Modi, who has standard diplomatic and economic interests, also wants to use this opportunity to reduce Islamabad’s standing in a part of the world from which it has long received blind support. Many are buying into Modi’s theory, claim sources within the Ministry of External Affairs.

File photo of Sheikh Mohammed bin Zayed al-Nahyan, Crown Prince of Abu Dhabi and UAE's deputy commander-in-chief of the armed forces, with Prime Minister Narendra Modi. Reuters

File photo of Sheikh Mohammed bin Zayed al-Nahyan, Crown Prince of Abu Dhabi, with Prime Minister Narendra Modi. Reuters

They say important data is trickling in from faraway Rabat, the capital city of Morocco, about Lashkar-e-Taiba (LeT) operatives using the North African country bordering the Atlantic and Mediterranean as a transit point. “For almost a decade, Morocco didn’t even care to (respond to) repeated requests from New Delhi to share the same data, but now (things are) turning around,” claimed sources.

At the heart of Modi’s push is India’s minister of state for external affairs, MJ Akbar, who has already been to Syria, Iraq and Palestine to gauge minds and sign pacts.

Akbar, once a celebrated editor, rejected requests for interactions but MEA sources said the government was attaching tremendous importance to such moves, the latest being the visit of Sheikh Mohammed bin Zayed Al Nahyan, son of UAE’s founding President and Crown Prince of Abu Dhabi. Interestingly, his presence as Chief Guest at the 68th Republic Day celebrations took place after four decades; the move seen as a complete reset of India’s relationship with the Gulf.

“The previous prime minister made over 40 trips to the US but one to UAE – home to an estimated 2.2 million Indians... not one to the Gulf,” the sources added.

Former Indian diplomats say that Modi's move could work at home as well as abroad. Al Nahyan – neither a head of state nor a head of government – is a next generation UAE leader. “Modi is betting on the future because the Crown Prince is a very popular leader in the Gulf and there is increased cooperation between the security agencies of the two countries,” says Hardeep Puri, India’s former permanent representative to the United Nations.

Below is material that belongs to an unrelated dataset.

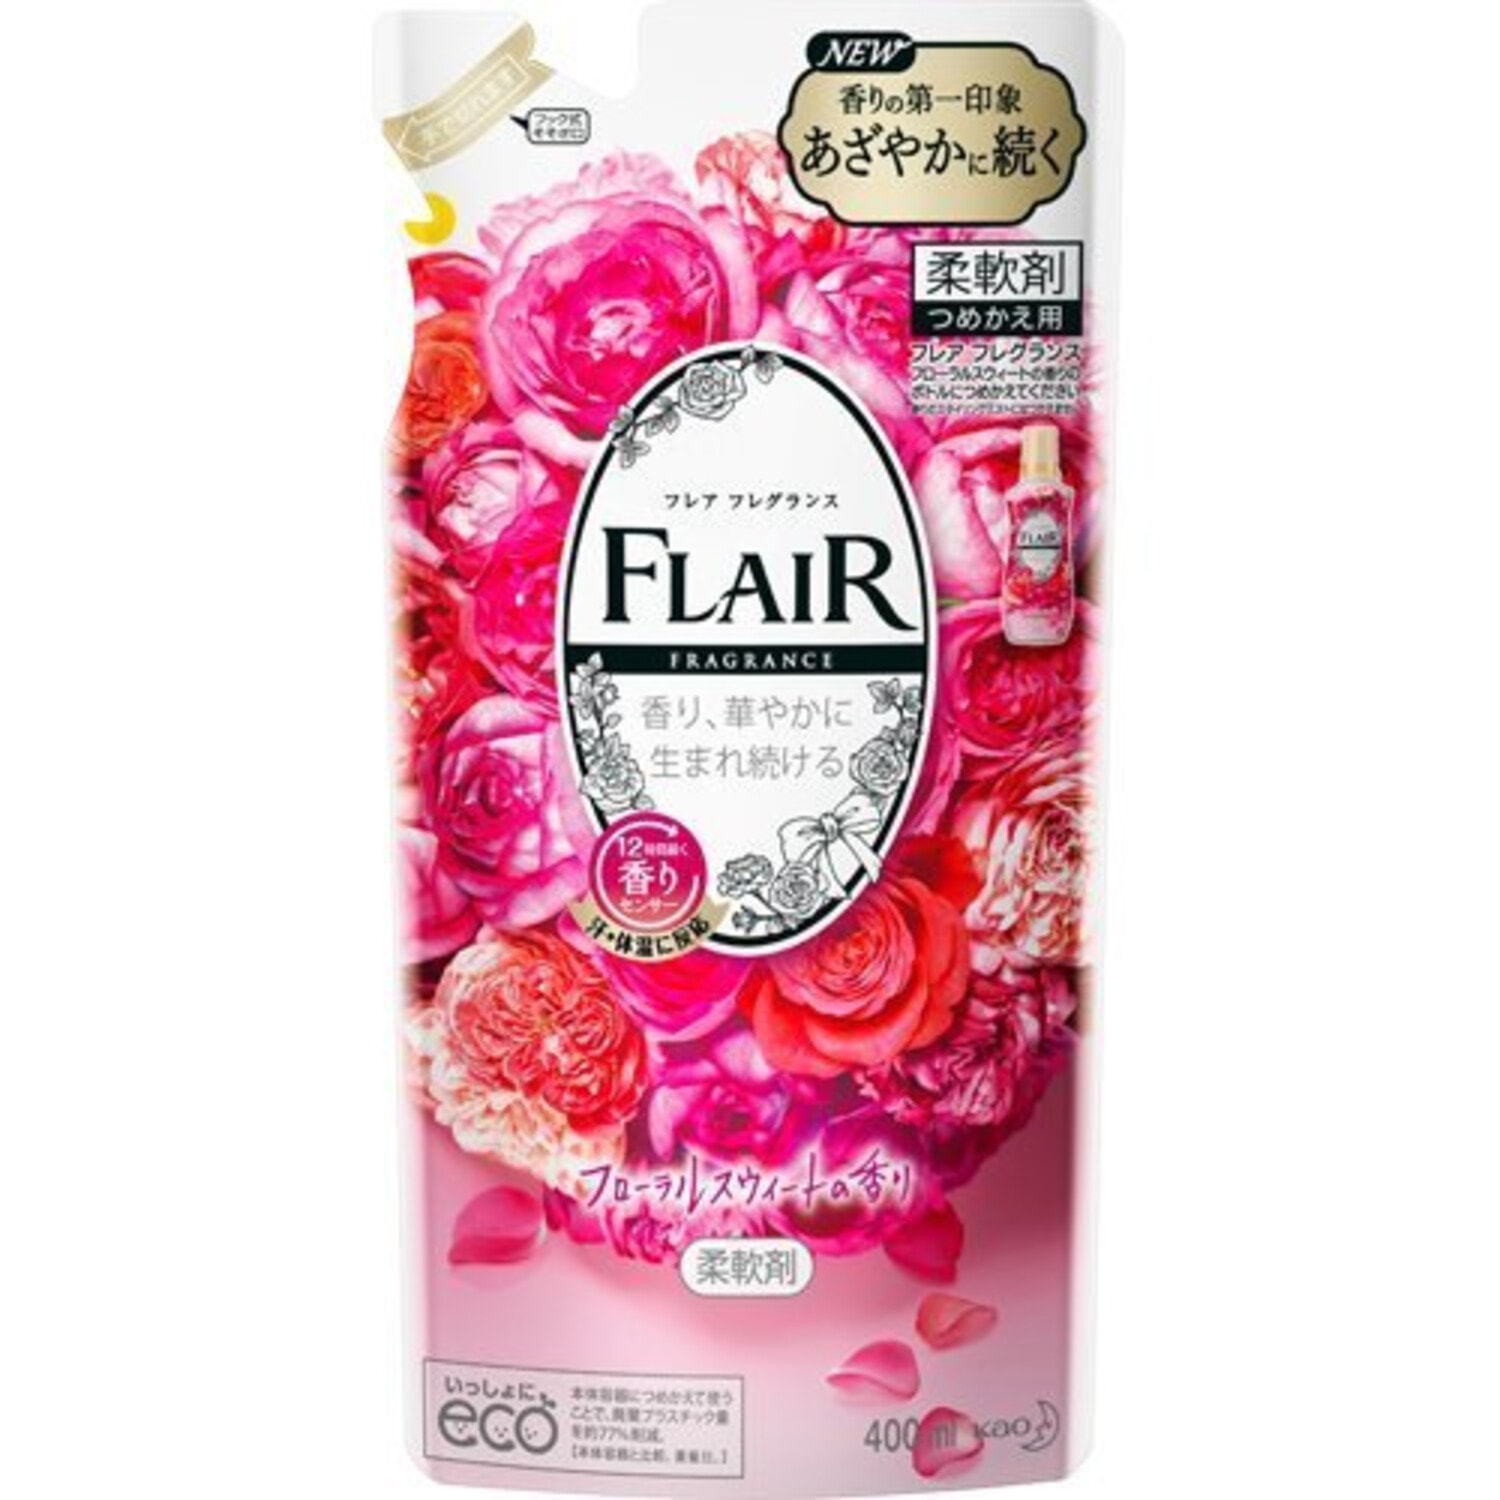 KAO Flair Fragrance Floral Sweet Арома кондиционер для белья, аромат Сладкий цветок, (сменная упаковка), 400 мл. / 377432
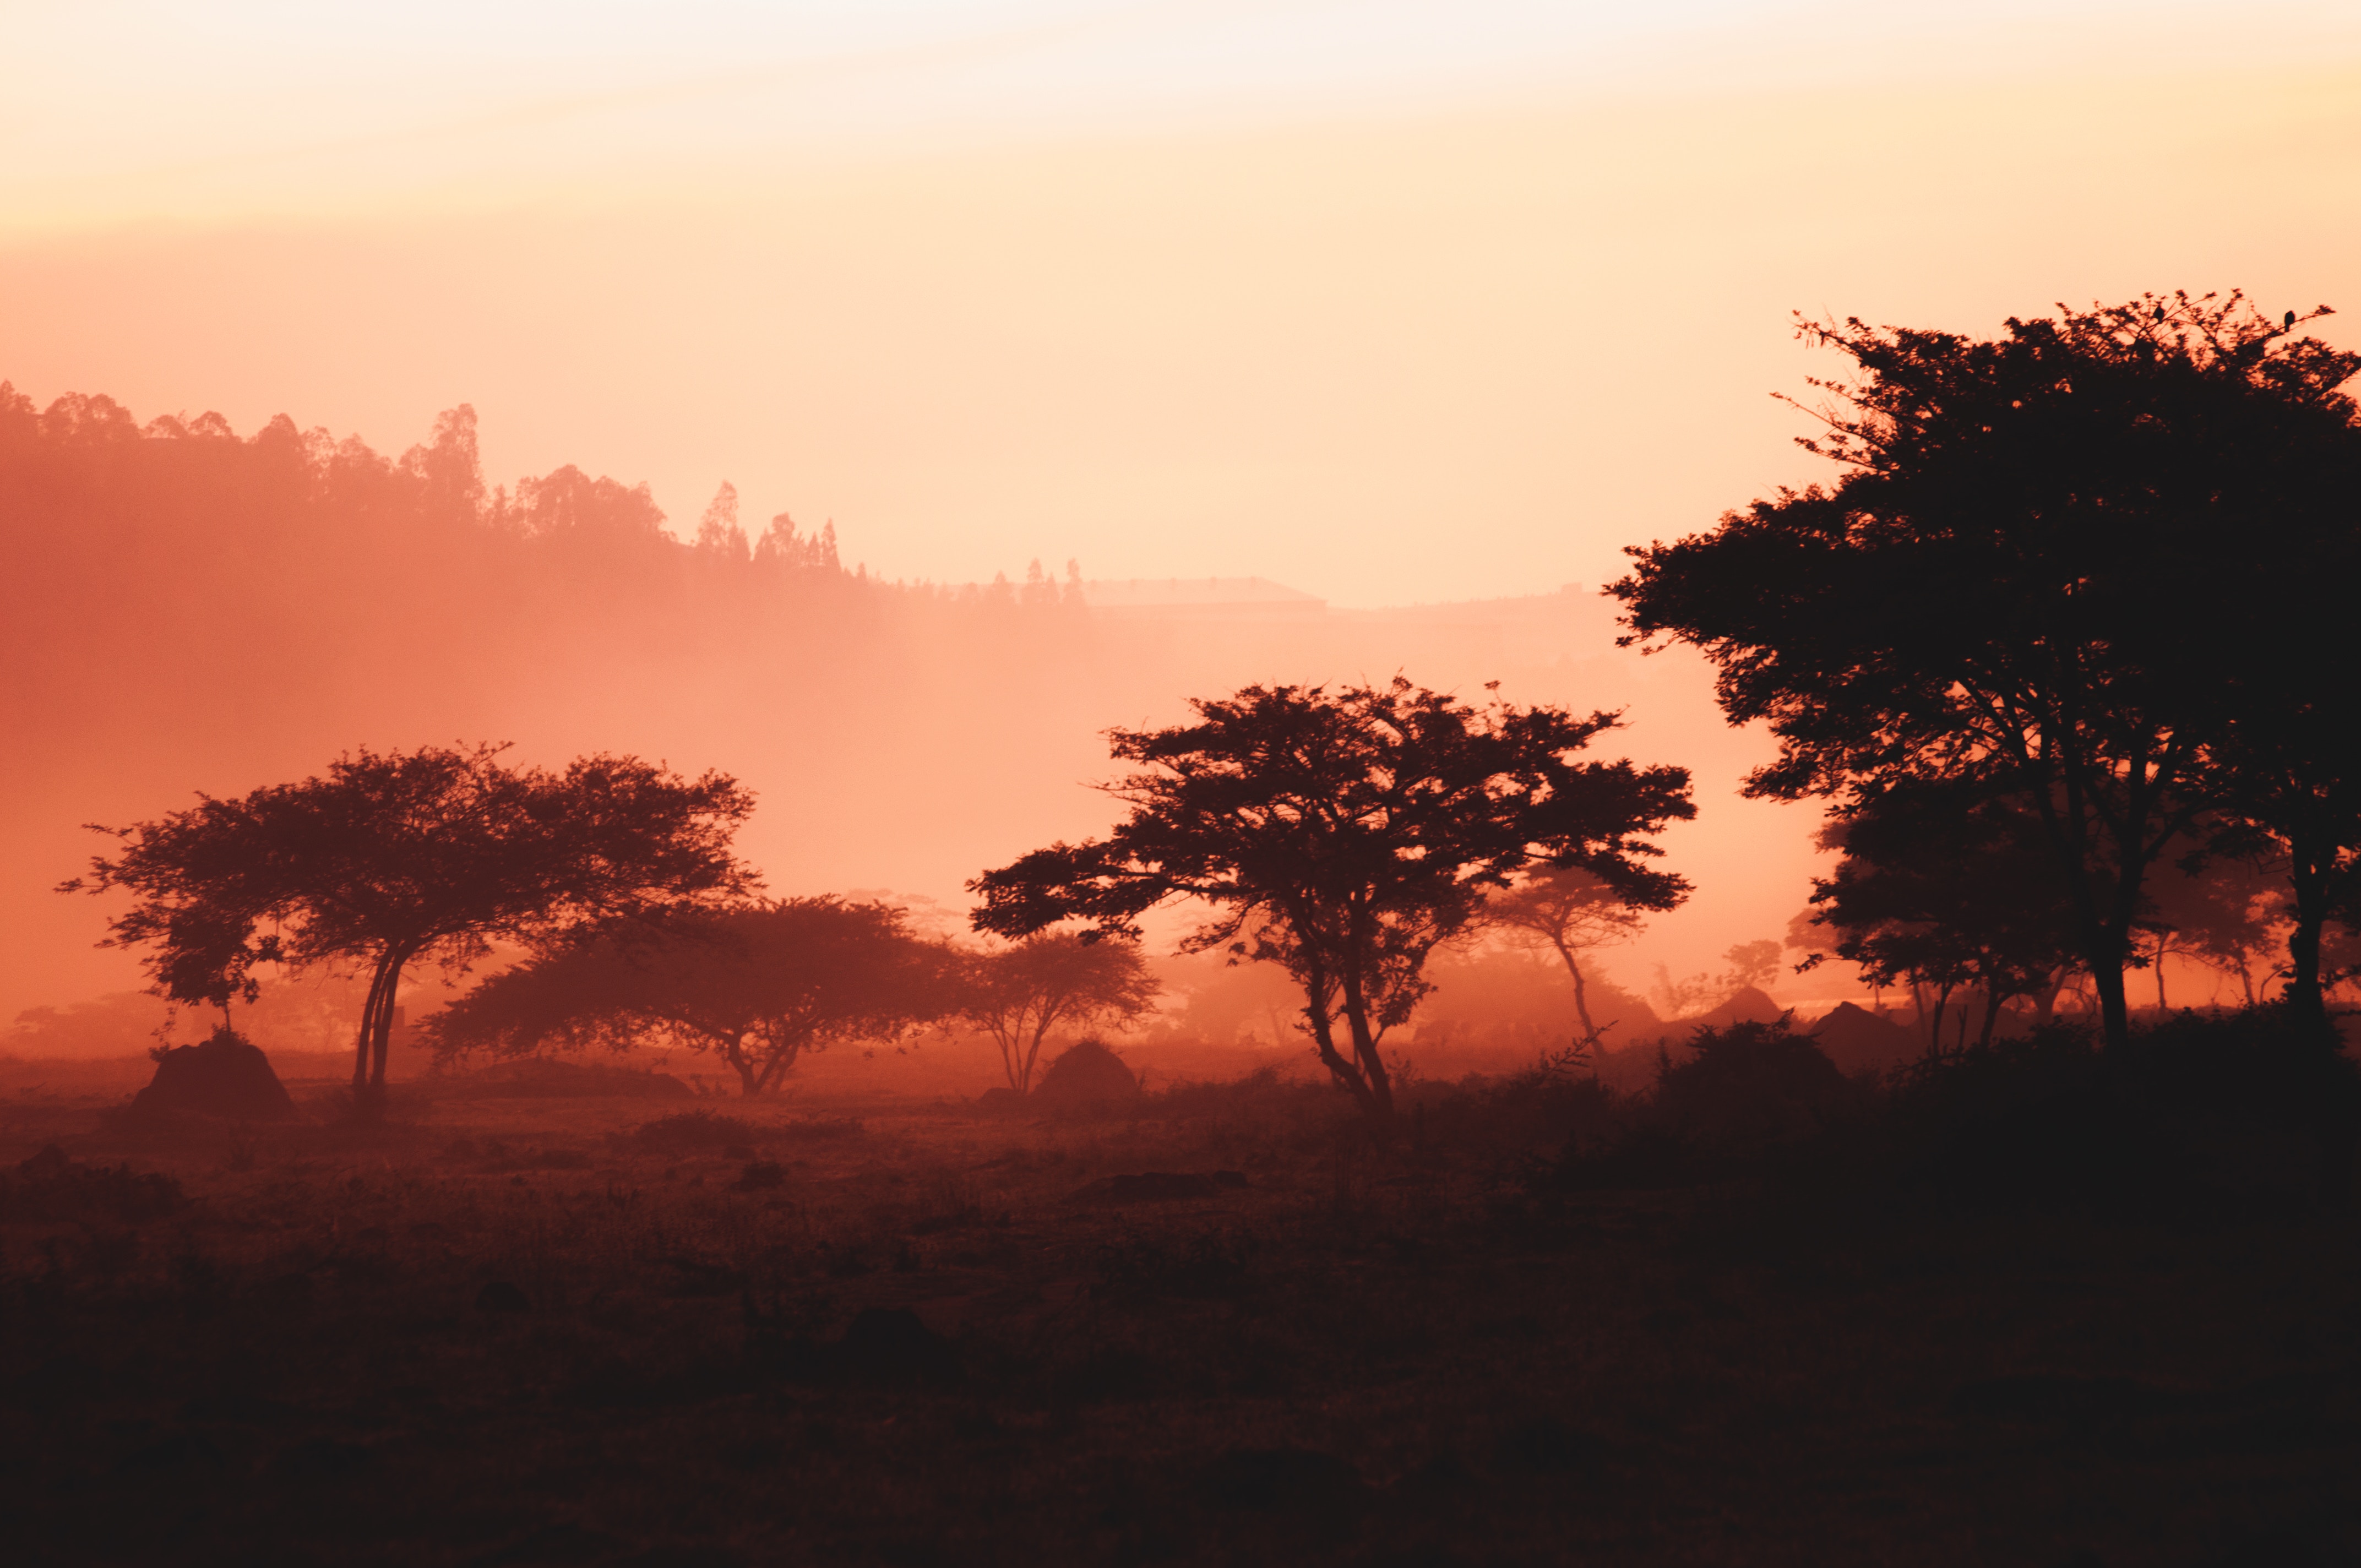 Sunrise on the Sahara in Kigali, Rwanda. Credit to Maxime Niyomwungeri.

Puri says that such moves – traditionally – send strong signals to Muslims in India who look to the UAE and Saudi Arabia for some kind of mental support. Both Saudi Arabia and the UAE are known for its concerns for Muslims in India. By making this move, Modi hopes to please Muslims at home – there is an obvious eye on the forthcoming Assembly elections in Uttar Pradesh – and also counter next door Islamabad that, over the years, has invested great diplomatic effort in Gulf countries, including the UAE.

“The Crown Prince’s visit is Modi’s effort to build India’s brand again in the Gulf. Indians happy in Gulf will send a strong message to their families back home,” added Puri.

The UAE – India’s second largest export destination – is also India’s third largest trading partner for 2015-16 after China and the US, with bilateral trade hovering around $50 billion. For India, the gains include a defence cooperation pact and an eye-popping $75 billion investment fund for India’s infrastructure (whenever it is signed).

“The six-nation Gulf Cooperation Council (GCC) supplies more than 50 percent of India’s oil and gas and control nearly 45 percent of the world's recoverable oil wealth and 20 percent of gas resources. The GCC seeks India’s vast consumer market,” says Narendra Taneja, a top energy expert.

Equally important is New Delhi’s current interaction with Palestine. The move, claim MEA sources, has come handy for the government in its search for secular parties in the Arab world, especially when India has nothing significant to contribute to the crisis in Syria or Iraq.

Modi knows his government has become closer to Tel Aviv and that there is an inevitable blowback in the Arab world, with Tehran and with the Indian Muslim intellectual class. Hence, showing renewed interest in Palestine is a useful means to help counter this problem.

“India, for decades, has used support for Palestinian nationalism as a foil to counter criticism of its shift to Tel Aviv,” says Aftab Kamal Pasha, a professor at the Centre for West Asian Studies at the Jawaharlal Nehru University.

He reminded how in the joint commission meeting, the Palestinians said they were pleased to talk to India because of its presumed influence on the Israelis. “And then, half the Arab world, consumed by even stronger hatreds, is now wooing Israel,” adds Pasha. India, which is a huge importer of Israeli arms, now seeks a security relationship extending to sensitive defence areas like nuclear weapons technology and doctrine. In addition, the current government wants to benefit from Israel’s world class water technology.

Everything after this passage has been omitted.